The operation is lean…about 6 staffers.  They subcontract out some of the development, and most everyone is taking calls and answering emails.  With wider acceptance and use, Caligor anticipates more staff to handle customer support.

They want lots and lots of users to test the system.  Right now, the majority of users are talent.  Caligor encourages talent to tell their favorite studios about the product, and engage in tests with THEM.  This is key, and may be SoundStreak’s biggest challenge: getting talent, but especially Studios and producers to figure out how to make it work for their business, and get comfortable that it’s not some kind of threat to them.
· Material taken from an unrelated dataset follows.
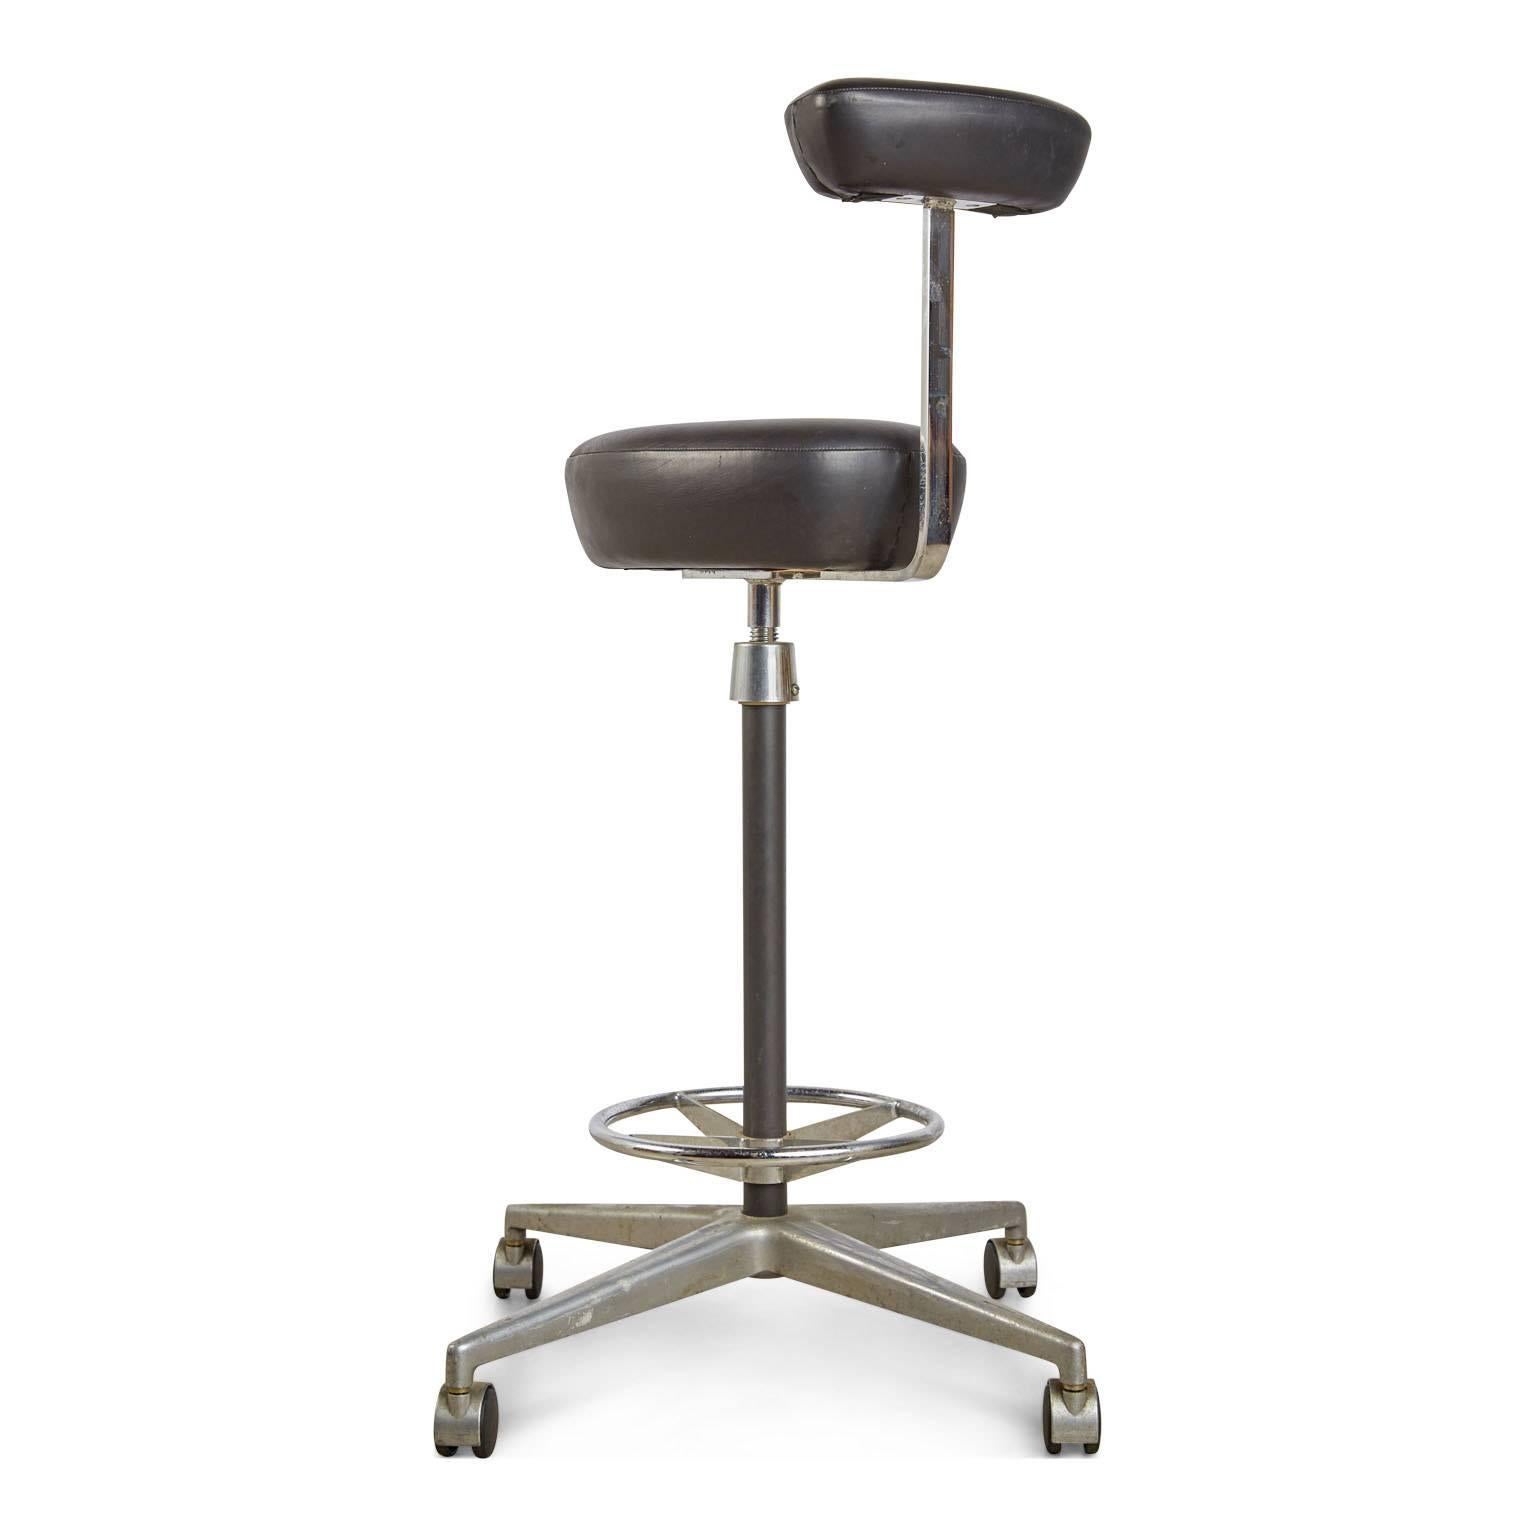 American George Nelson for Herman Miller Adjustable Height Drafting Stool, circa 1960

SoundStreak does require a bit of a mind-shift to understand how it differs from what’s now comfortable.  We’re all busy, and we may not have the time to consider changing to, or buying into an entire new paradigm.  A chicken-or-the-egg syndrome sets in.  Talent won’t work with it until the studios require it, and studios won’t require it until they know talent are comfortable with it.

Caligor is confident SoundStreak is a solid product that will win over converts.  “I would rather have lots of users soon, than a little or a lot of revenue soon. I’m confident that once people try it out, they’ll see its potential.”